Even though the datasets were comparatively small, we found that each model converged and generated realistic synthetic images (Fig. 1) without finetuning any hyperparameters to accommodate the different datasets (Supplementary Table S1). In particular, we did not observe mode collapse in any of the training sessions. Additionally, the model architecture could adapt to a wide range of resolutions, covering brain MRI studies with a resolution of 64 × 64 × 64 voxels, chest CT studies with a resolution of 128 × 128 × 128 voxels, and breast MRI and knee MRI studies with an anisotropic resolution of 256 × 256 × 32 voxels. Realistic 3D images could be generated in the four datasets (Fig. 1).

Figure 1.

Figure 1

Visualization of synthetic data samples of the four public datasets used to train the medical diffusion model. Each row shows different neighboring z-slices of the same volume. Please note that different image resolutions were used. The breast MRI studies (DUKE dataset, first two rows of images) and the knee MRI studies (MRNet dataset, second two rows) were input to the model at a resolution of 256 × 256 × 32 voxels (height × width × depth). The chest CT studies (LIDC-IDRI dataset, third two rows) had a resolution of 128 × 128 × 128 voxels, while the brain MRI studies (ADNI dataset, fourth two rows) had a resolution of 64 × 64 × 64 voxels.

Medical diffusion models can generate high-quality medical 3D data

Finding better metrics for assessing the image quality of synthetic images is still an open problem21, particularly for medical images where small details may be highly relevant. To overcome this shortcoming of metric-based evaluations, we had human experts rate the synthetic images along three categories: (1) Image quality, (2) slice consistency, and (3) anatomic correctness. Two radiologists with nine years (Reader A) and five years (Reader B) of experience were asked to rate 50 images from each of the four datasets on a Likert scale (Table 1). Reader A rated 189 of 200 images as (at least) largely realistic with only minor unrealistic areas (50/50 for ADNI, 40/50 for LIDC, 50/50 for DUKE, 49/50 for MRNet). 191 of 200 images were considered consistent between most slices (50/50 for ADNI, 41/50 for LIDC, 50/50 for DUKE, and 50/50 for MRNet). 185/200 images were assessed as exhibiting only minor or no anatomic inconsistencies (50/50 for ADNI, 40/50 for LIDC, 50/50 for DUKE, and 45/50 for MRNet). Reader B scored similarly (Fig. 2). Consequently, our architecture can generate synthetic images that appear realistic to radiologists.

Table 1.

Overview of the categories presented to the radiologists when tasked to assess the quality of the synthetic images.

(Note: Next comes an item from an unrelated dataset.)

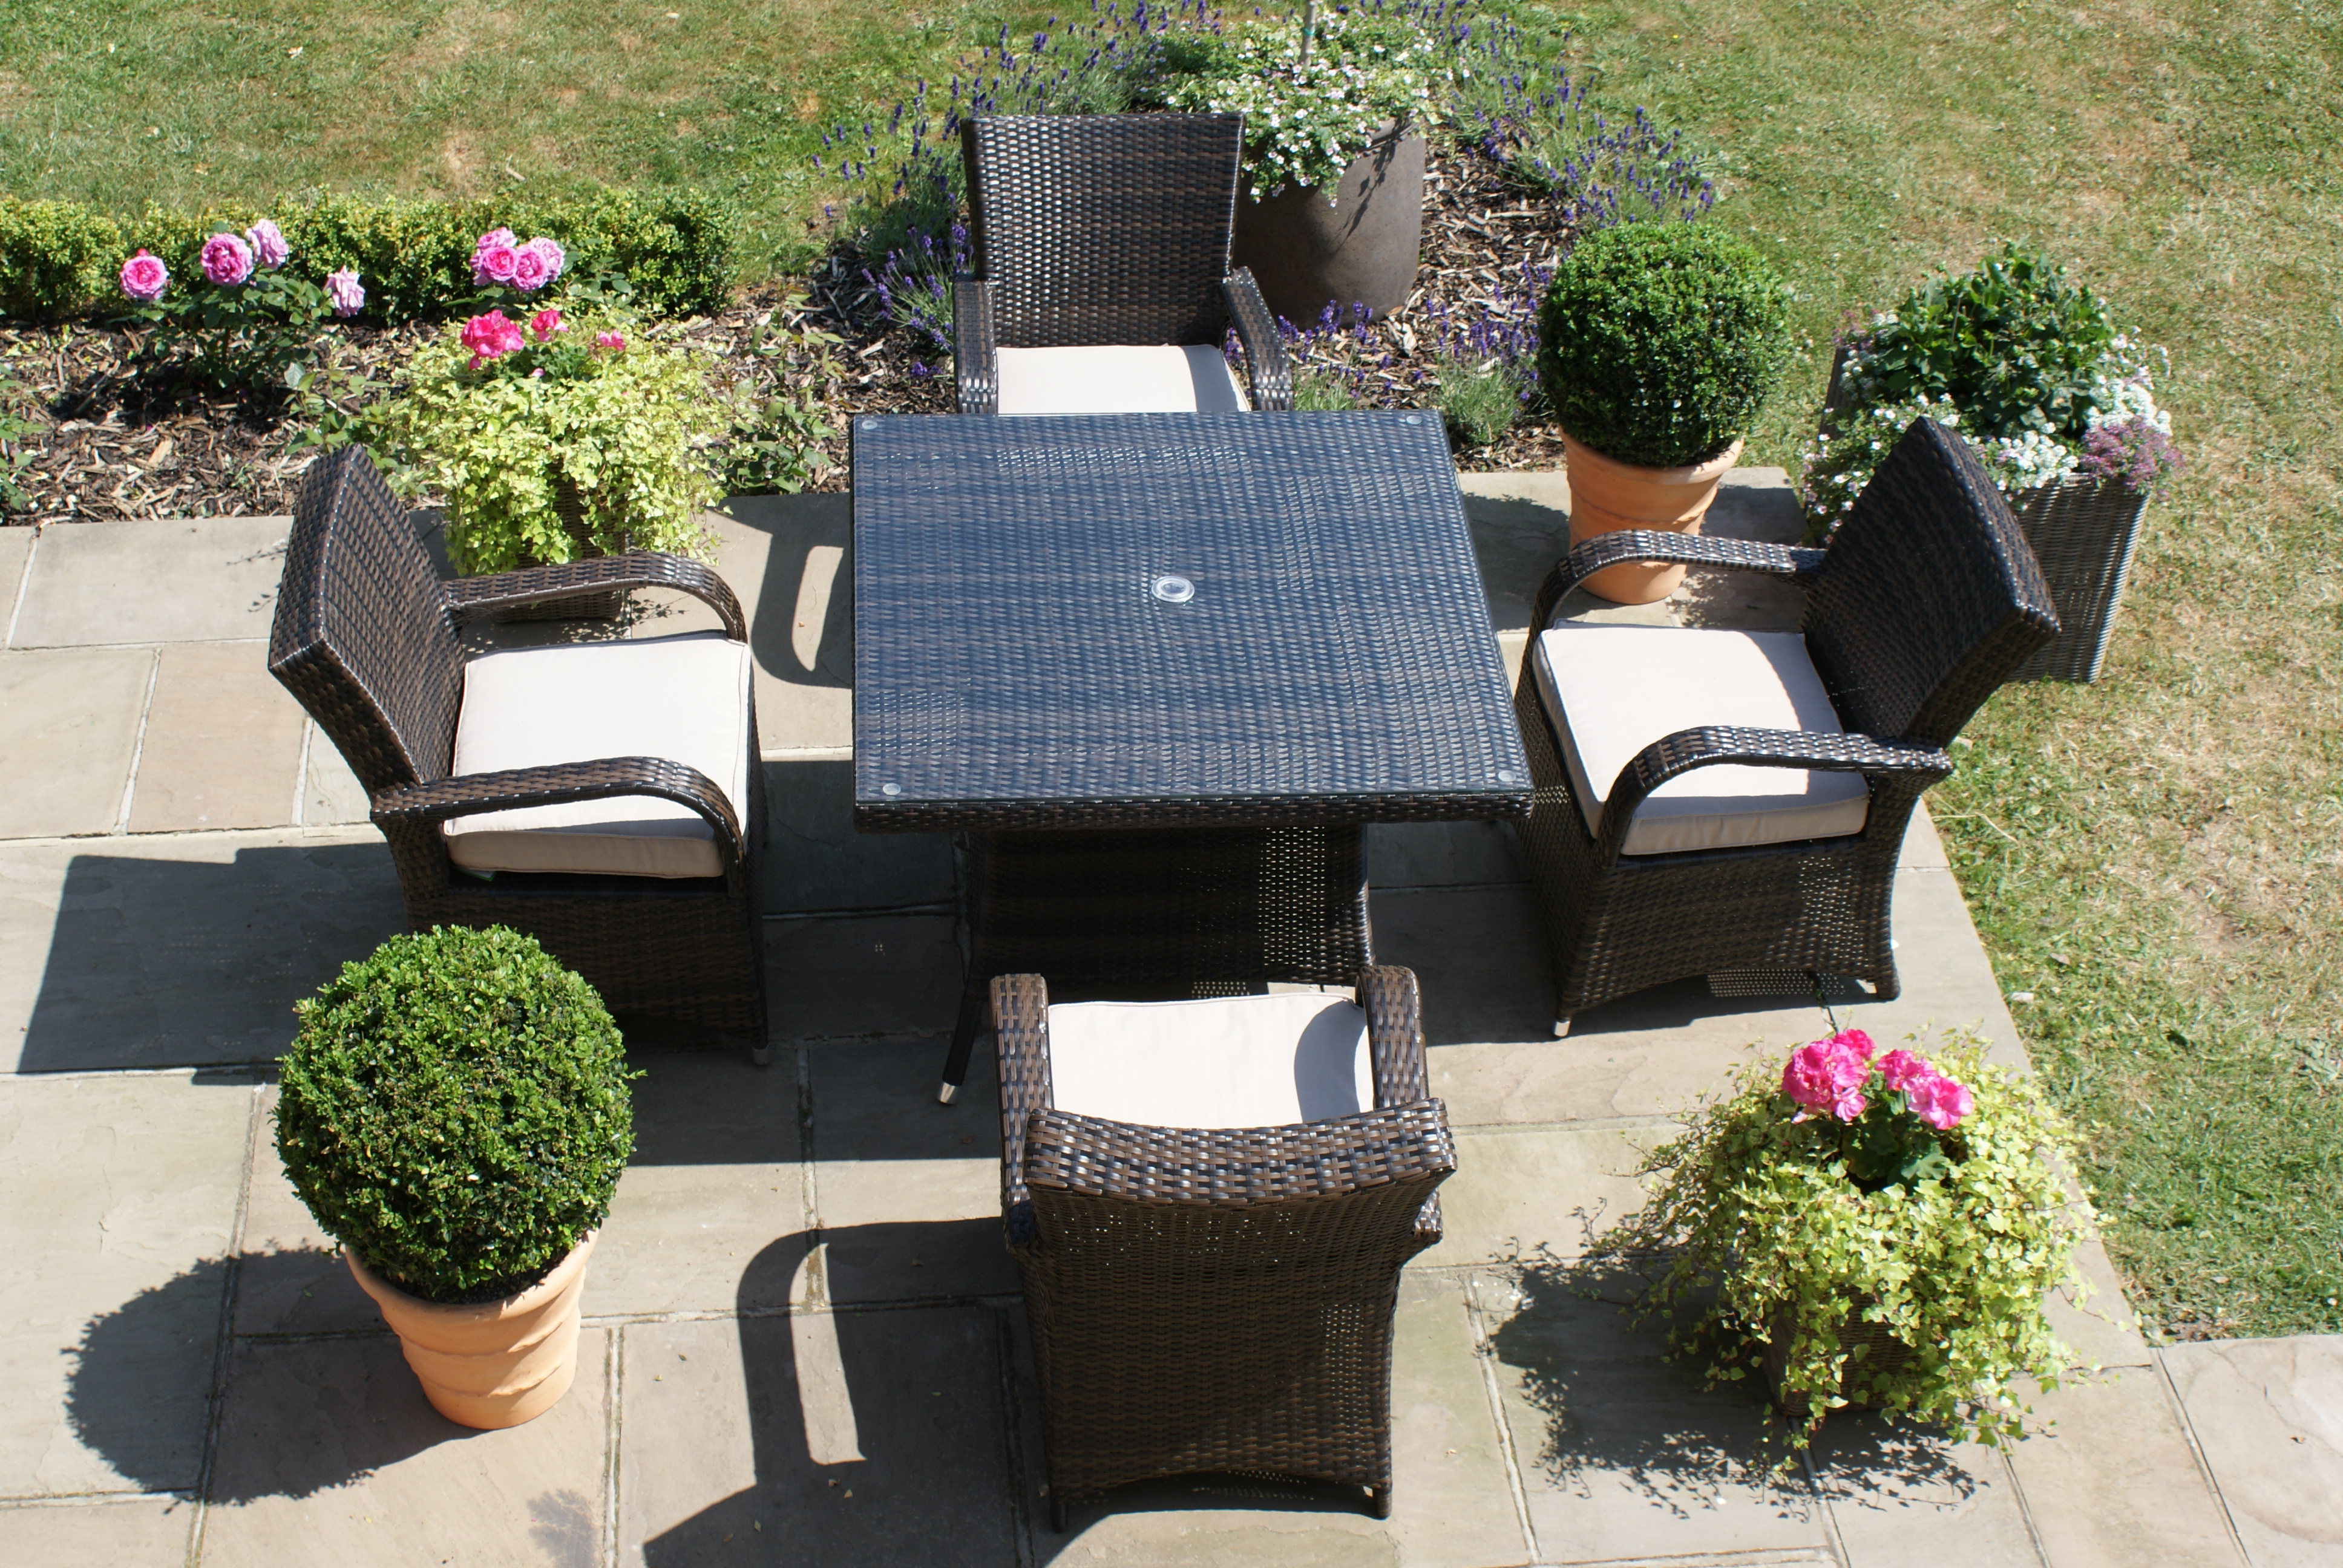 Muebles De Teca Para Jardin Perfect Juego De Mesas Banca Con  # Muebles Teka Jardin

Option A Option B Option C Option D
Realistic image appearance Overall not recognizable as CT/MRI Overall unrealistic, but generally recognizable as CT/MRI Overall realistic and only minor unrealistic areas Can’t tell whether fake or not
Consistency between slices No consistent slices Only few (up to 3) slices are consistent Majority of slices (> 10) are consistent All slices are consistent
Anatomic correctness Anatomic region not recognizable Anatomic region recognizable, but major parts of the images exhibit anatomic incorrectness Only minor anatomic incorrectness Anatomic features are correct

The radiologists were asked to select one of four options for each category.

Figure 2.

Figure 2

Quantitative evaluation of the image synthesis capabilities on the four datasets used to train the medical diffusion model. Two radiologists with nine and five years of experience in clinical radiology (Reader A and B), respectively, were tasked with evaluating a set of 50 synthetic images from each dataset on a Likert scale. The three categories used to assess the image are "Realistic Image Appearance", “Consistency Between Slices” and “Anatomic Correctness”.

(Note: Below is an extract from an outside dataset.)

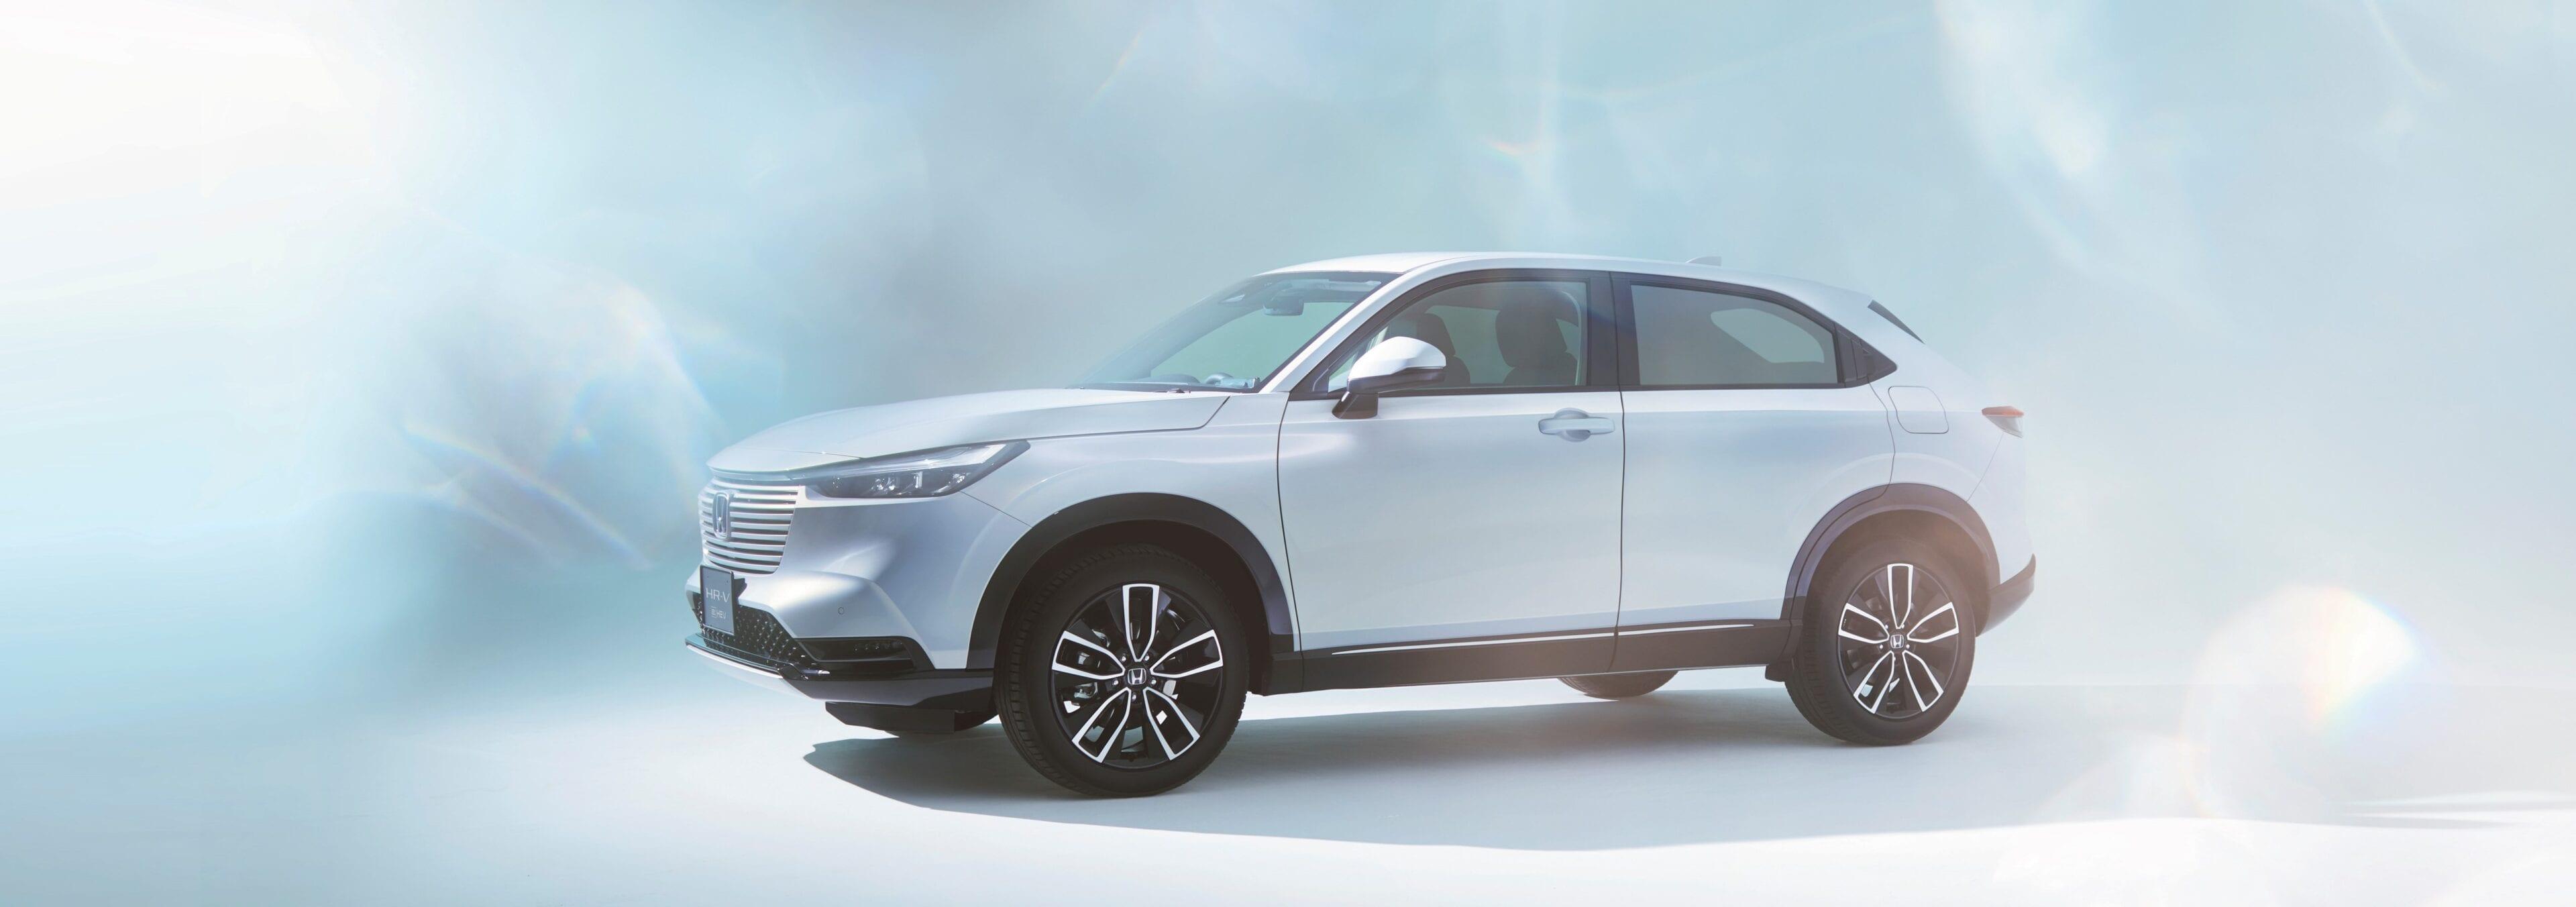 de Naadloze, strakke designfilosofie die Honda toepast maakt de HR-V een ware verschijning

The dimension of the latent space is important for high-quality image generation

To analyze the latent dimension's effect on the quality of the synthesized images, we trained the VQ-GAN autoencoder with two different compression factors. The compression factor describes the factor by which the original dimension of the image is reduced in each corresponding dimension of the latent space. We found that when compressing each spatial dimension by a factor of 8 (i.e., images of resolution 256 × 256 × 32 have a latent dimension of 32 × 32 × 4), relevant anatomic features were lost (Fig. 3). When training the VQ-GAN autoencoder with a compression factor of 4 (i.e., images of resolution 256 × 256 × 32 have a latent dimension of 64 × 64 × 8), the anatomic features were reconstructed more accurately. For all four datasets, we found that a maximum compression factor of 4 retained accurate anatomic details as assessed by the radiologists in a test set of 20 sample images per dataset.

Figure 3.

Figure 3

Comparison of the reconstruction quality of the VQ-GAN autoencoder when using different compression factors for two different samples. A latent dimension of 64 × 64 × 8 (i.e., a compression factor of 4 in each dimension, (B)) allows for a detailed reconstruction of the original image (A) by largely upholding anatomic consistency. A compression factor of 8 (i.e., a latent dimension of 32 × 32 × 4, (C)) distorts the fibular bone structure in knee MRI studies (upper row of images) and the fibroglandular tissue structure in breast MRI studies (lower row image). Adjacent, please find zoomed close-up views of the anatomic region of interest.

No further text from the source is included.